Menikmati hasil belajar sangat diinginkan tentunya oleh kita. Belajar apapun itu, belajar akademis kek, atau belajar nilai2 kehidupan. Segala cara kita lakukan untuk bisa belajar, bagi yang mau belajar loh ya, karena belajar itu tidak bisa dipaksakan tapi harus ditumbuhkan entah oleh diri sendiri atau lingkungannya. Mencari buku referensi, mencari teman belajar, mengatur waktu belajar bahkan belajar sampai tengah malam kalau terdesak (SKS, mau ujian nih biasanya). Semua itu dilakukan untuk memupuk harapan ketika mengerjakan ujian lancar-lancar saja dan hasilnya juga bagus. Tapi ya namanya hidup, tidak semuanya menghasilkan yang sesuai keinginan kan?

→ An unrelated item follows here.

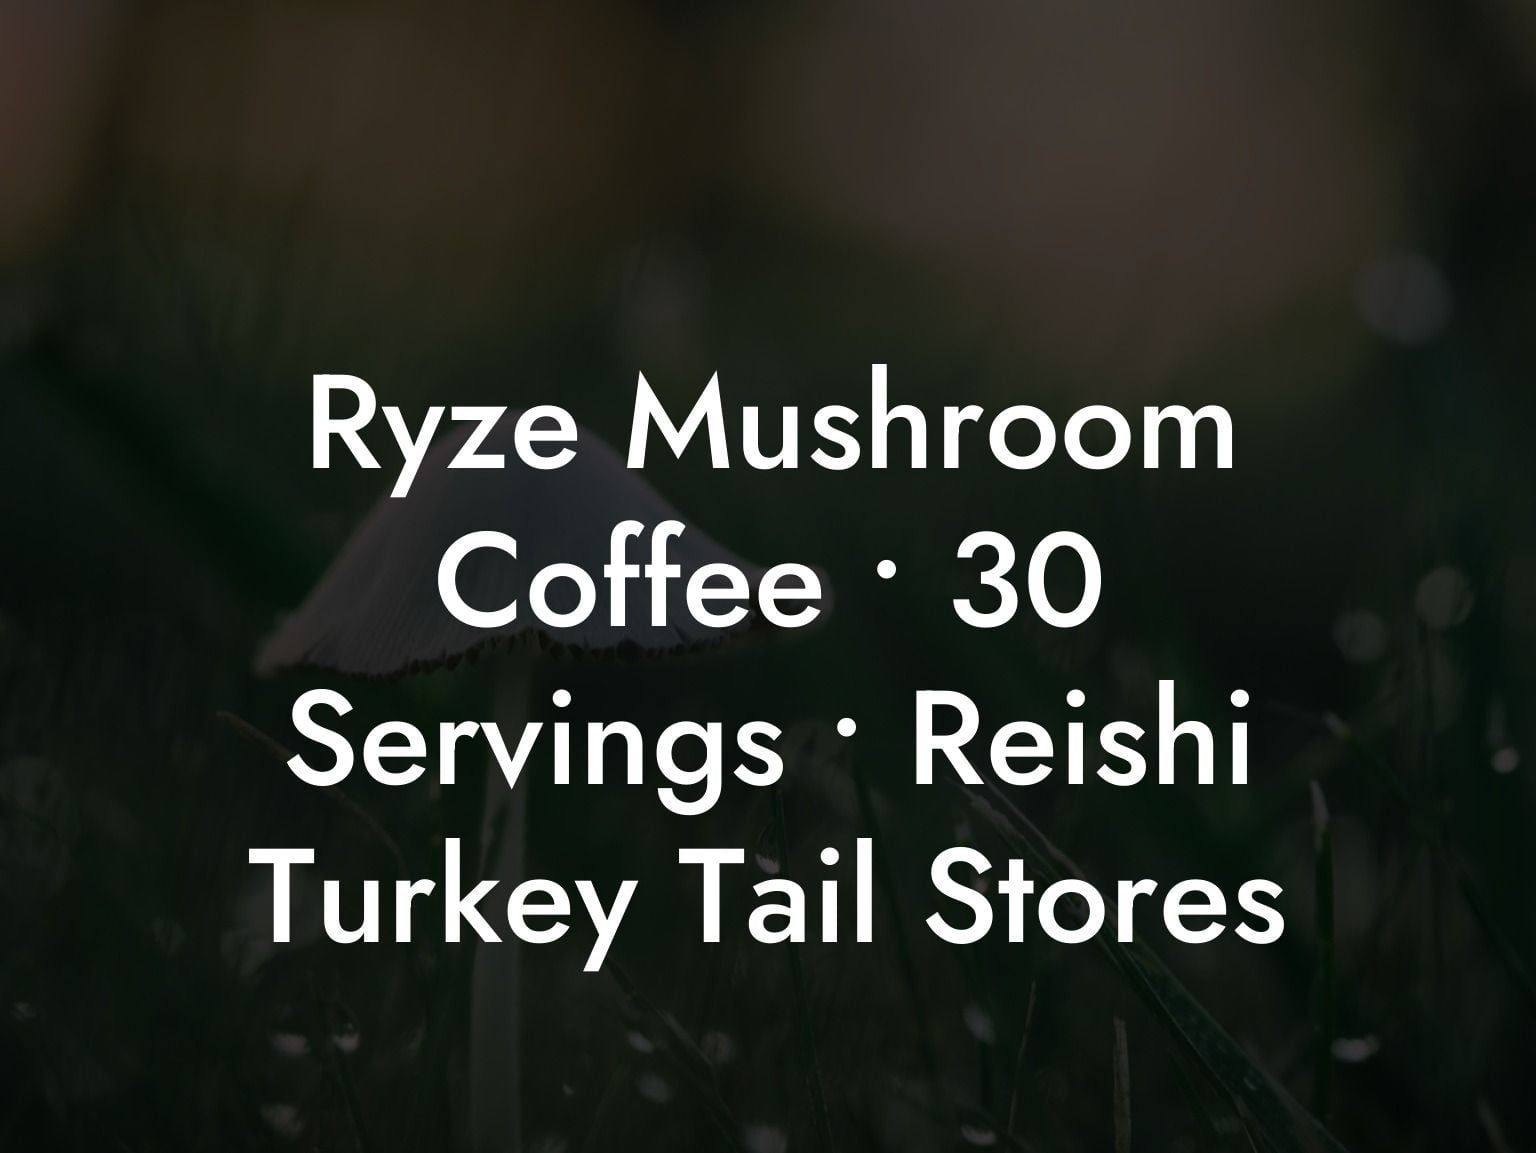 Ryze Mushroom Coffee • 30 Servings • Reishi Turkey Tail Stores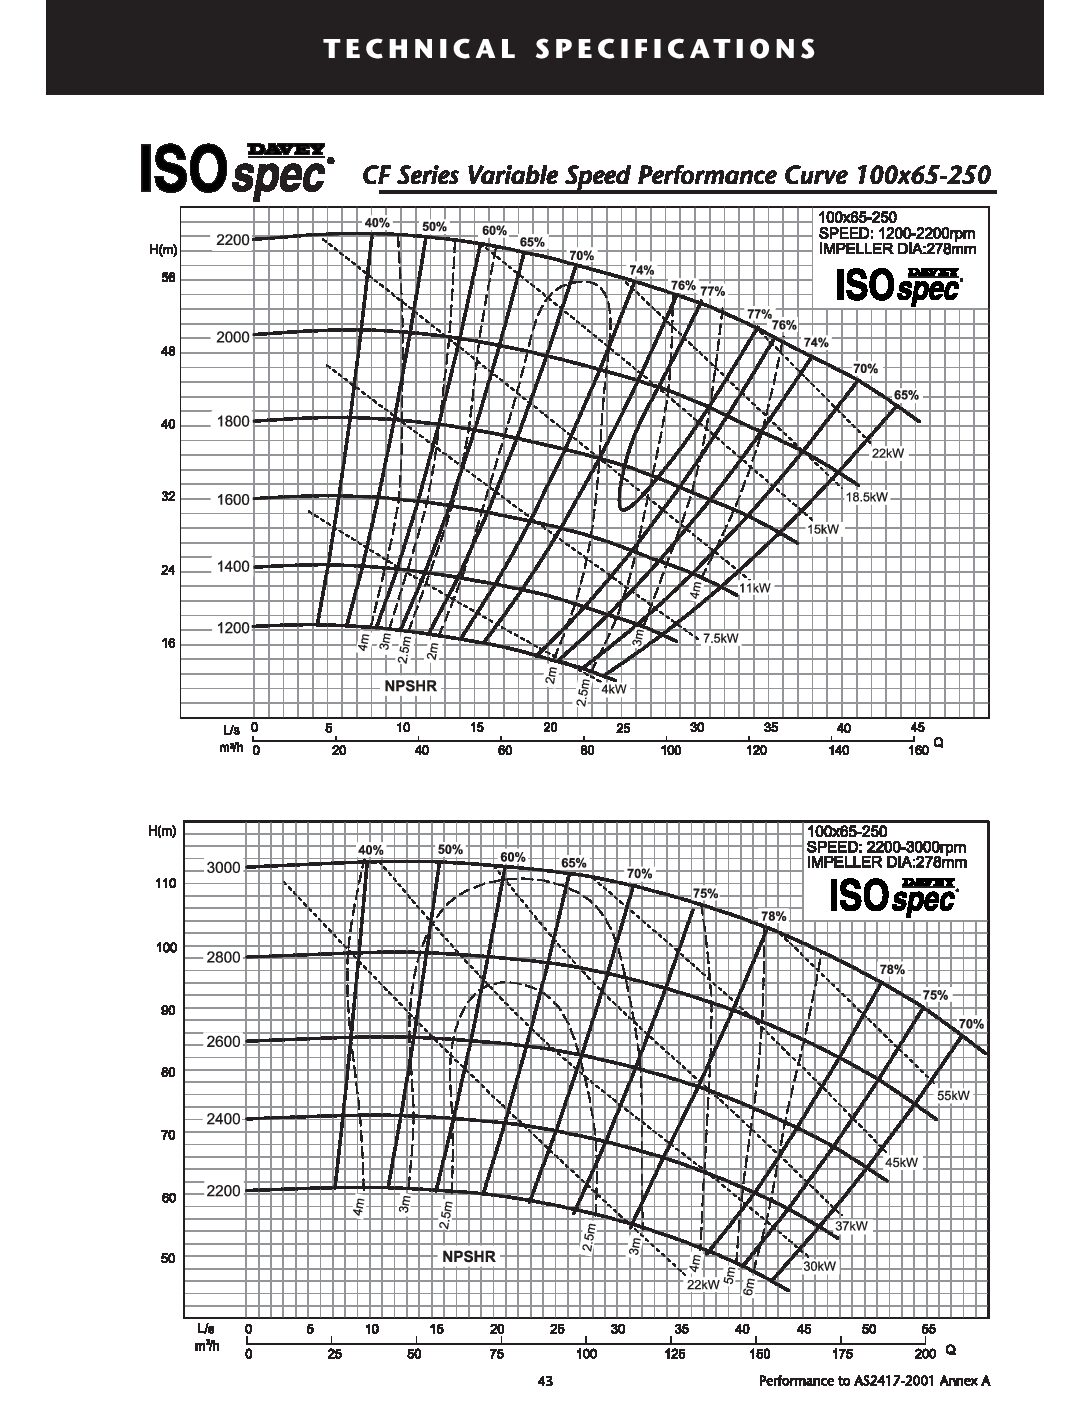 CF65-250 curve

Lantas bagaimana kalau hasilnya tidak bagus? haruskah disesalkan, marah, tendang tempat sampah atau ekspresi kekesalan lainnya? mungkin seru juga sih untuk menghilangkan stres sejenak. Apakah cara belajar yang salah, waktu belajar yang kurang atau menguruk soal yang sangat susah? Sya melihat, langkah yang harus saya ambil itu introspeksi diri, cara belajar yang salah, waktu belajar yang kurang atau bahkan karena saya sendri tidak memberikan feel dalam belajar itu?Namun sebelum membahas itu dan melakukan perubahan, ukur dulu seberapa besar tingkat kepuasan dalam belajar.

Puas tidak puasnya dalam belajar itu diukur dari hasil atau tidak? Soal itu atau suatu masalah datangnya bukan dari kita, tapi dari sang pembuat. Jadi kalau misalkan kita belajar dengan taraf  A-D (tingkat kesulitan), namun yang muncul mempunyai taraf A-G (lebih tinggi tingkat kesulitan), apa yang bisa diambil? TIngkat kesulitan soal berbeda dengan tingkat hasil belajar kita. Lalu pantaskah kalau menyalahkan soal yang susah, keknya ga bijak deh. Yah memang harus disadari kalau belajarnya kurang dan memang hasil ujian tidak bisa dijadikan ukuran kepuasan dalam belajar. Jadi tingkat kepuasan belajar itu bukan ditentukan oleh berapa hasil yang diperoleh, namun seberapa besar tingkat proses yang sudah bisa dicapai dengan hasil belajar itu. Jalan satu – satunya tingkatkan jam terbang belajar karena semakin banyak belajar harusnya makin banyak yang didapatkan.